This year has been nothing if not significant when it comes to progress of the Federal Government’s $43 billion National Broadband Network (NBN), following the completion of several milestones in relation the structural separation of Telstra, earning its status as one of the top ten influential stories for 2011.
The telco entered into an $11 billion financial heads of agreement deal with the company charged with the rollout of the network, NBN Co, which will involve the decommissioning of Telstra’s copper network to make way for a new fibre infrastructure.

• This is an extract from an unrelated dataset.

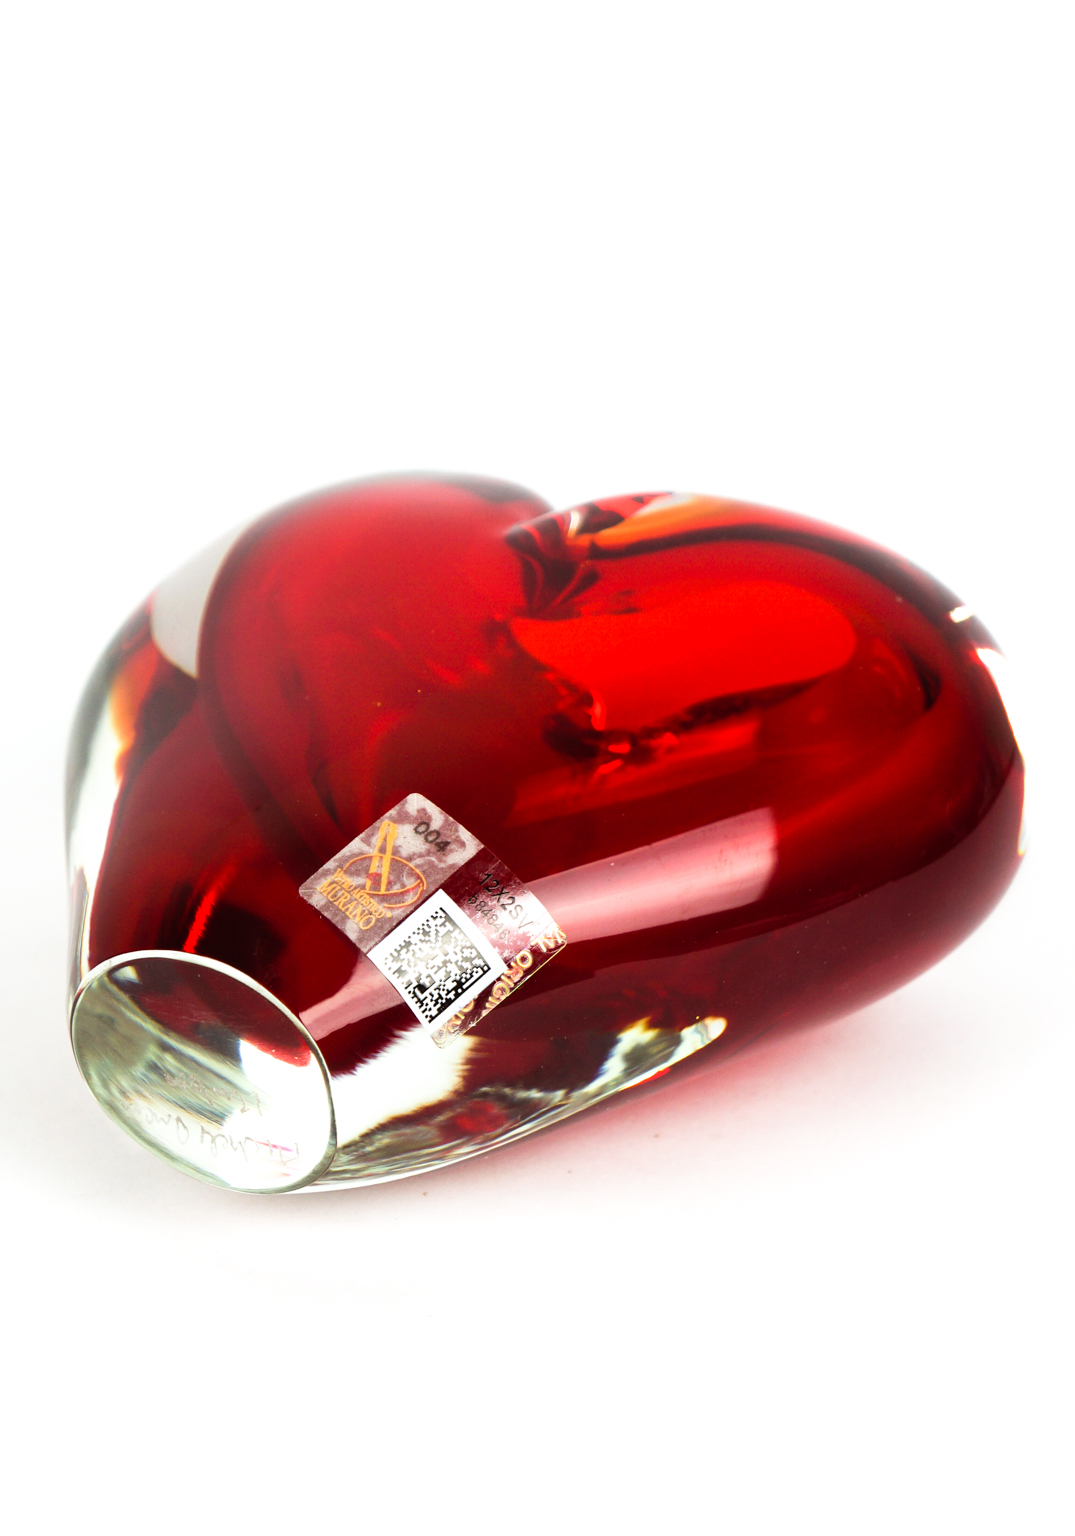 Heart Red Sculpture - Made Murano Glass

Under the deal, NBN Co will lease Telstra’s existing fibre, ducts, pipes and other infrastructure for $9 billion over an undisclosed amount of time.
In line with the agreement, the telco has been required to structurally separate its wholesale and retail arms which to date, remains hinged on the approval of its Structural Separation Undertaking (SSU), originally lodged with the Australia Competition and Consumer Commission (ACCC) back in August this year.

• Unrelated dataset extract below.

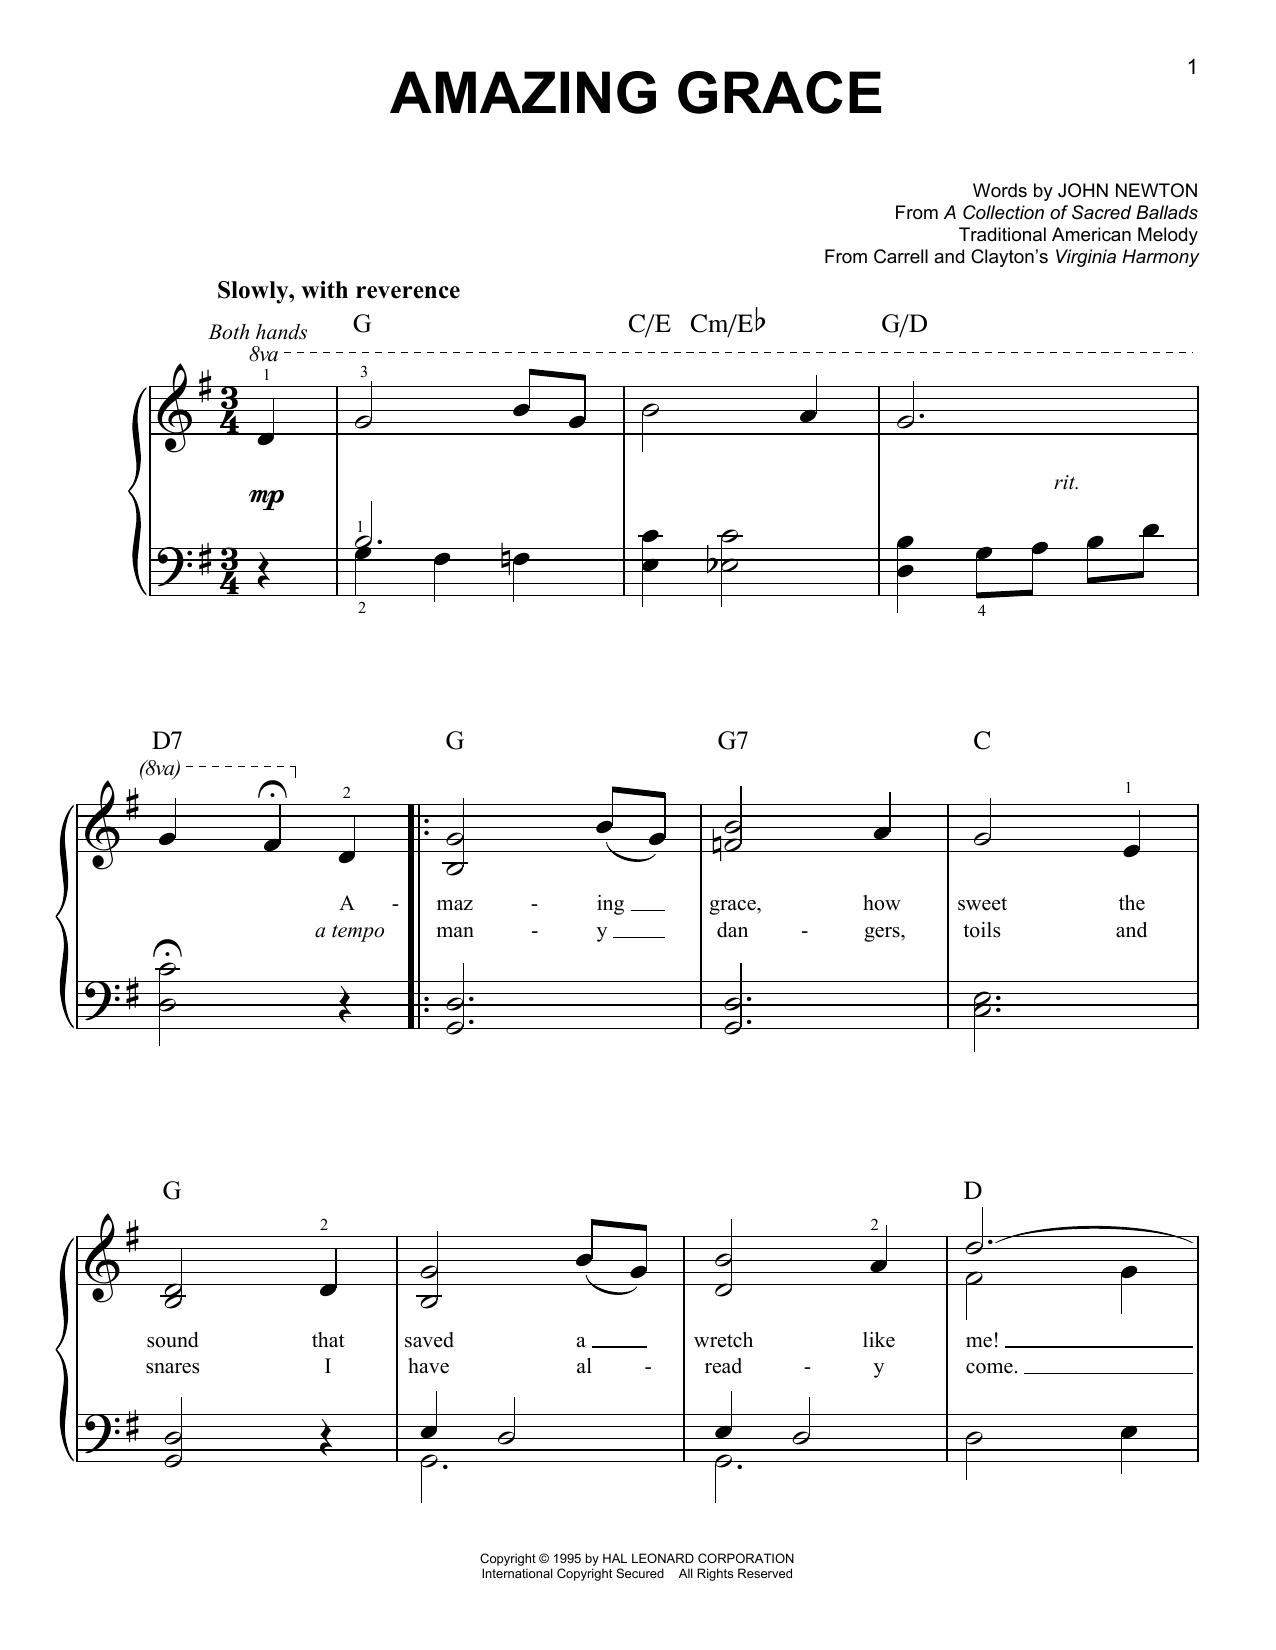 Traditional American Melody Amazing Grace sheet music notes and chords arranged for Baritone Ukulele

The deal came under fire in the weeks to follow, with the watchdog itself stating the SSU could not be accepted in its current form and needed important changes to legislative requirements. In addition, ACCC chief executive, Rod Sims, new about arrangements between Telstra and NBN Co which include the parties’ ability to vary the arrangements without further scrutiny by the regulator.

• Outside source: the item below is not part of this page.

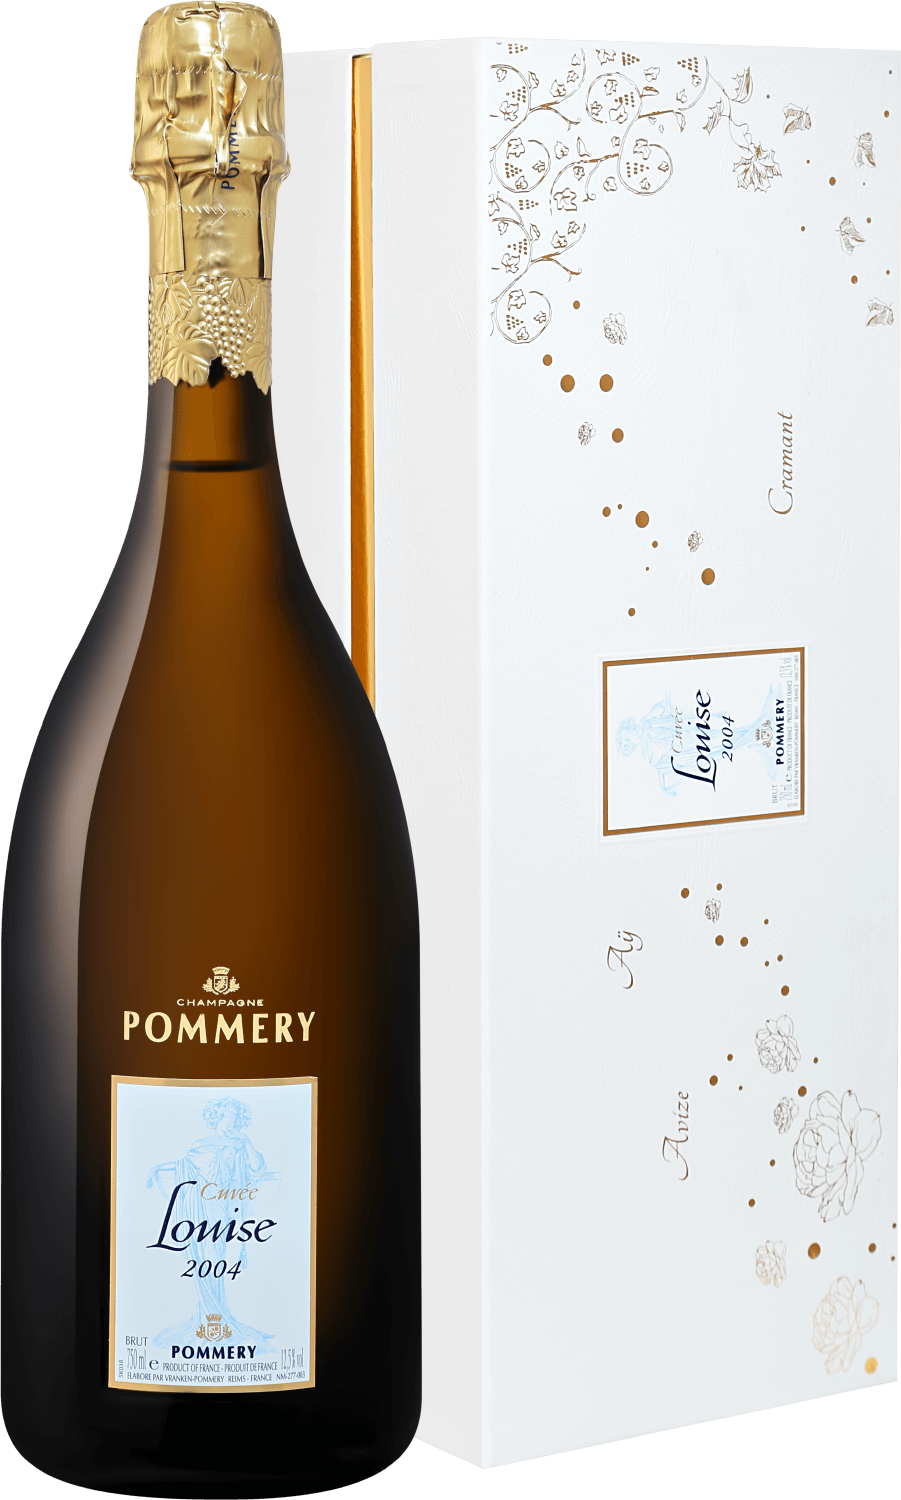 Pommery Cuvée Louise Brut Millesime Champagne AOC (gift box) vilmart cuvée rubis brut premier cru champagne aoc

However, the ACCC’s concerns did not faze Telstra’s chief executive David Thodey, who said the objections were merely preliminary assessments of Telstra’s SSU and not cause for concern.
“The ACCC has raised a number of concerns but they do not really come as a surprise to us at all,” Thodey said at the time.
Communications Minister, Senator Stephen Conroy, also weighed in , noting he was confident the watchdog’s fears would be quelled as negotiations continued with the telco.
After receiving feedback, Telstra in November, responded to the ACCC with a discussion paper detailing changes to the SSU. The changes proposed “parallel” resolution powers to both the ACCC and the Independent Telecommunications Adjudicator (ITA) to alleviate concerns the latter would favour Telstra.
A number of the country’s major ISP’s made submissions to the ACCC on the SSU, with Vocus Communications in particular coming out swinging with claims the deal with NBN Co would hamper competition by evicting competing telcos from Telstra’s ducts.
“There is potential for both Telstra and NBN Co to engage in discrimination in relation to facilities access, including Telstra’s ducts where space is frequently scarce,” the telco’s submission reads.
Vodafone Hutchison Australia (VHA) also joined the chorus of criticism again with claims the proposed plan failed to prevent Telstra from hampering competition as it lacked the self-enforcing features it needed in order to be credible and effective.
In October Telstra shareholders voted almost unanimously, with 99 per cent in favour of the deal, which hinged on the vote, following two years of negotiations. This major win for the incumbent telco enabled it to move forward with the ACCC.
As the final weeks of 2011 draw to a close, the race is on for the number one telco to finalise a deal with the regulator over its participation in the NBN which will mark the last step in the$11 billion deal.
NBN Co chief executive, Mike Quigley, said any delay in the approval of the deal would be of concern to the wellbeing of the NBN.
"Of course, it would cause some concern" if Telstra and the Australian Competition and Consumer Commission (ACCC) failed to agree on the undertakings,” he said.